Enter Dambiso Moyo. She is an Oxford-educated PhD in economics, ex-Goldman Sachs, African and comely, making her a quintuple threat in pop econo-circles. She has the background and smarts to opine smartly on this rise/fall subject. Sadly, however, judging by her new book, she is bored by logic, incapable of writing an interesting sentence, and lazy.

It's too bad, because this is an important subject. Developing markets (China, Russia, India, Brazil) have more people and are growing quickly; developed markets (the United States, Europe) have fewer people and are growing slowly. It is, therefore, simple math that, all else being equal (or ceteris paribus, as the never-met-a-Latinate-expression-she-didn't-overuse Moyo would write) that developing market economies will catch up with developed markets. How the developed world will respond to declining economic dominance is one of the more important questions of the 21st century.

Most non-partisan economists think that the rise of the East will be good for the West – a rising tide lifts all boats, as Moyo might write. But she isn't convinced it will be that neat. She thinks that trade tensions will rise further, that resource scarcity is going to create Malthusian scares and, most important, that the West – okay, the United States – has forgotten how to dig deep and compete. Its education system is failing; it wants to have Sweden's social safety net while paying Hong Kong's personal taxes. She's not wrong, even if her gong-ringing, sandwich-board-wearing approach to making her case becomes like a five-hour flight beside someone with their iPod on too loud.

Where Moyo toddles off from here, however, is into a padded room of her own writing. She bounces from topic to topic, pops off contradictions, and slaps Post-it notes on her own forehead. Say this! Be sure to say that too! Oh, don't forget to insert that point! This book, in its incoherence, reads less like a book than like a first-year MBA's study notes for the next day's case class on international economics.
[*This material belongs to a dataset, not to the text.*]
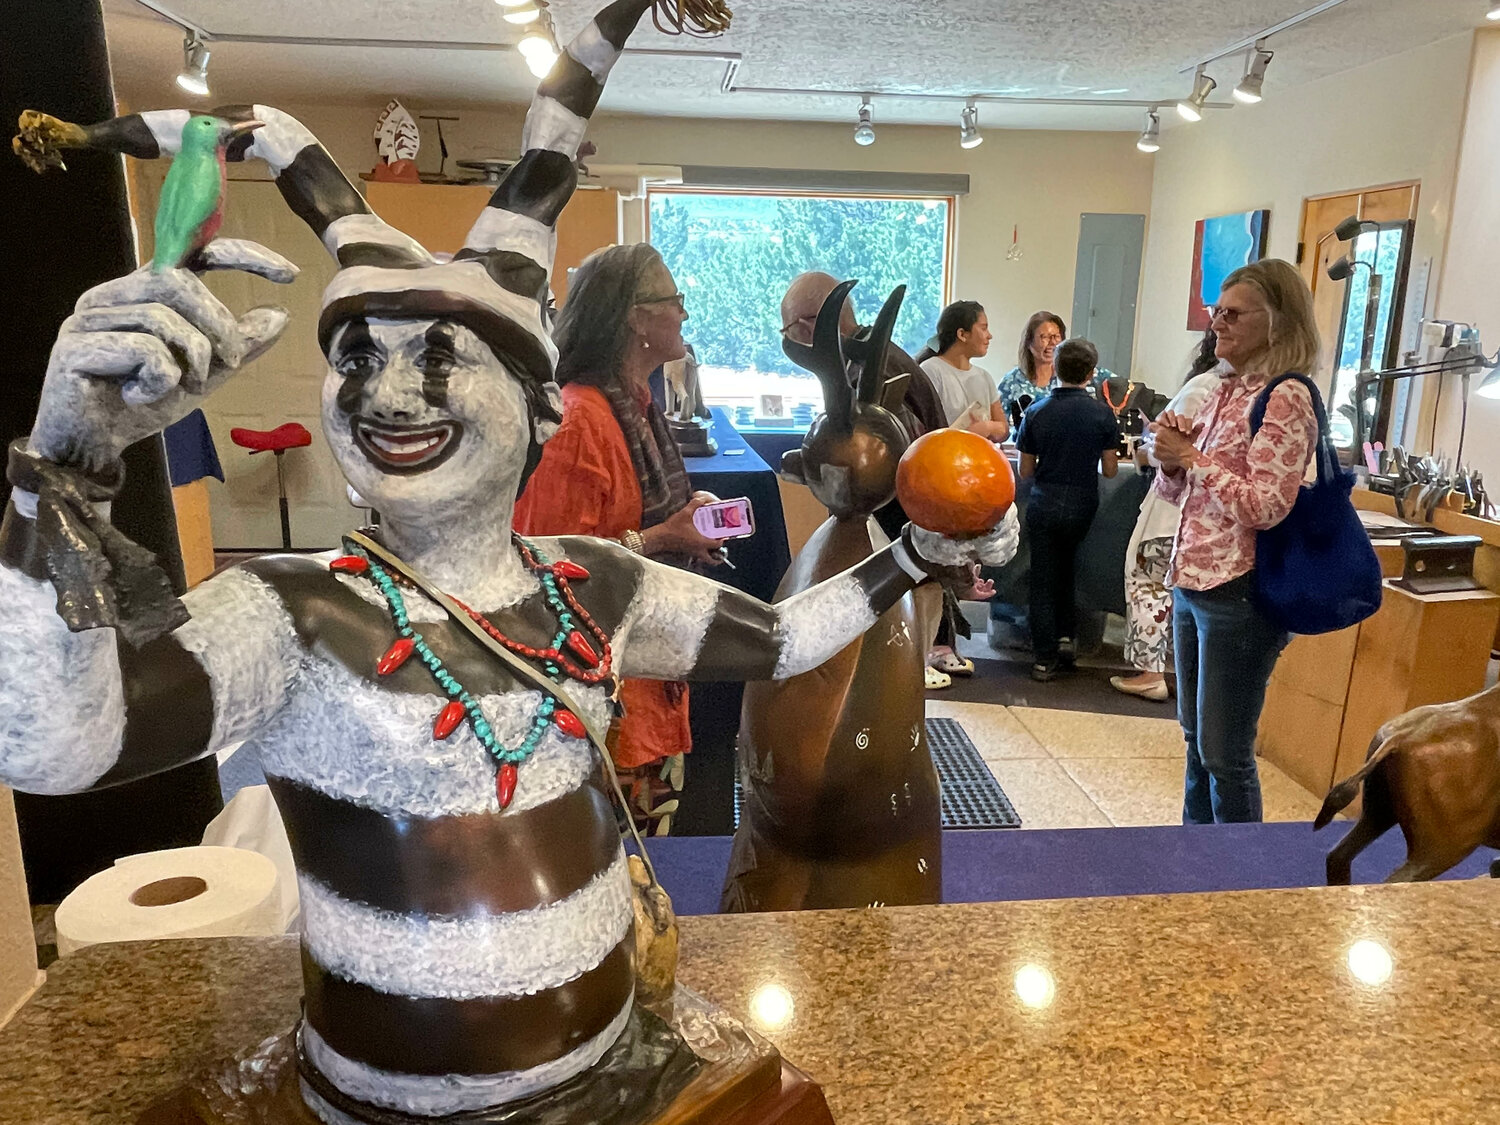 A sculpture of a pueblo clown greeted visitors to the home studio of Althea and Joe Cajero during last weekend's Placitas Studio Tour. (T.S. Last/Sandoval Signpost)

I'll give an example, so you get a flavour. Moyo makes a relentless case through two-thirds of the book for China's eventual economic dominance. It has more people. It's more determined. Its government is more able to get things done. Then she does a complete flip-flop, warning that democracies are actually much more effective than economies like China's. Which is it? It's not clear that she has decided, or that she even reads what she writes, so she flits back and forth between both, like a hummingbird with attention deficit disorder.

Examples of this sort of rhetorical pastiche are legion. Moyo will take a position from the Niall Ferguson column, another from the Milton Friedman column, connect them up, race off to The Economist or Wikipedia for a few examples, and there you have it: Just add over-used verbiage and you've got another chapter in this brief book done. And that is a big part of the problem – it feels less written than assembled.
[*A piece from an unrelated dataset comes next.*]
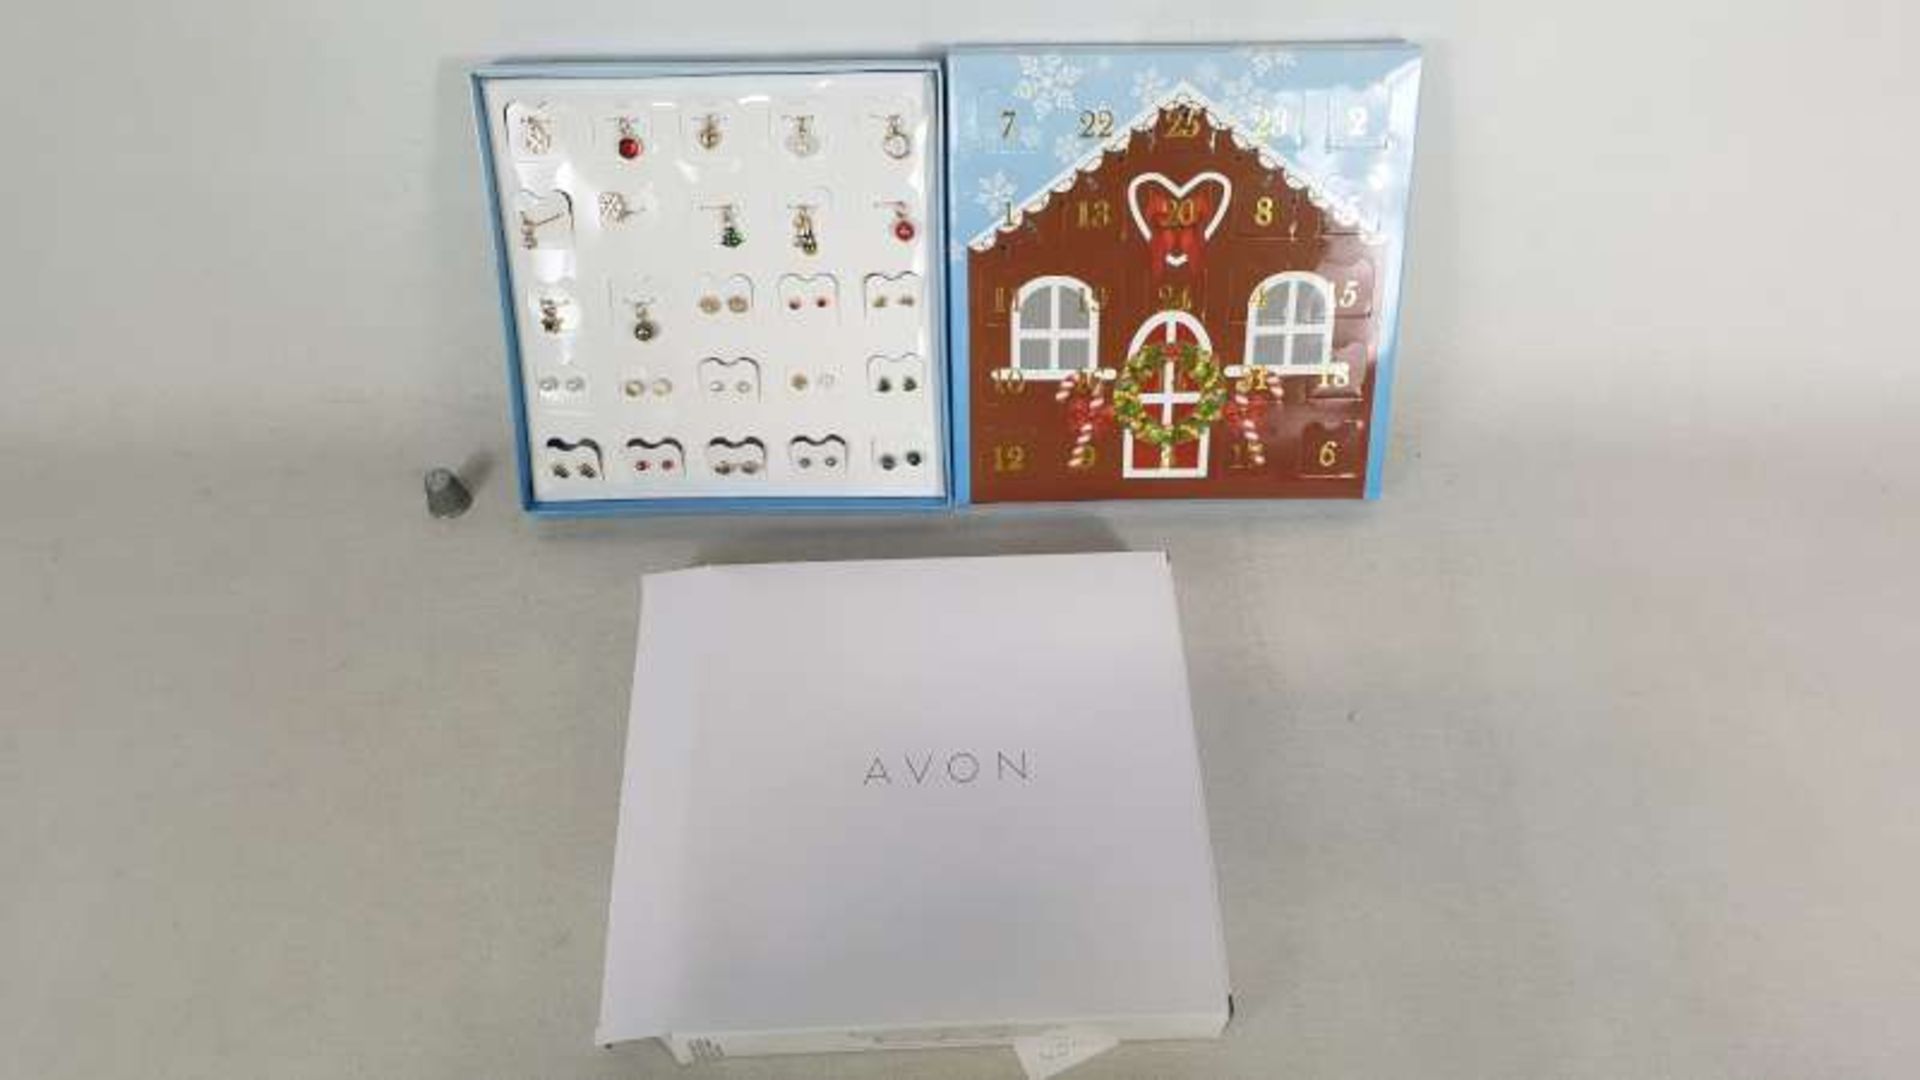 22 X AVON NORDIC NOEL ADVENT CALENDER GIFT SETS, EACH SET CONTAINS 1 X NECKLACE, 12 X INTERCHAGEABLE

And the problems are compounded by her writing style. The book slams together clichés and MBA-class abbreviations like so many railway cars on a siding: Bam! Bam! BATNA! Next thing you know we have sentences where there is a "tide of drugs" being "parcelled-out" at "knock-down prices." Did she even read this while she was writing it? Because reading it made me consider taking out cognitive disability insurance, not to mention making me feel terrible for agreeing with her about pretty much anything.

I blame Niall Ferguson for this. In the same way the Freakonomics books convinced a generation of economists to write books about the "Economics of XYZ," Ferguson's success writing for a popular audience about the confluence of history, politics and economics has apparently convinced every economist alive to write about the decline of the West. They don't really want you to read the books, of course. They just want to have written them, so that they, like Ferguson, can get some of that speaking-gig action. This book is Moyo saying, "Pick me." I hope no one does.

Paul Kedrosky is a senior fellow at the Kauffman Foundation and editor of Infectious Greed, a popular financial blog.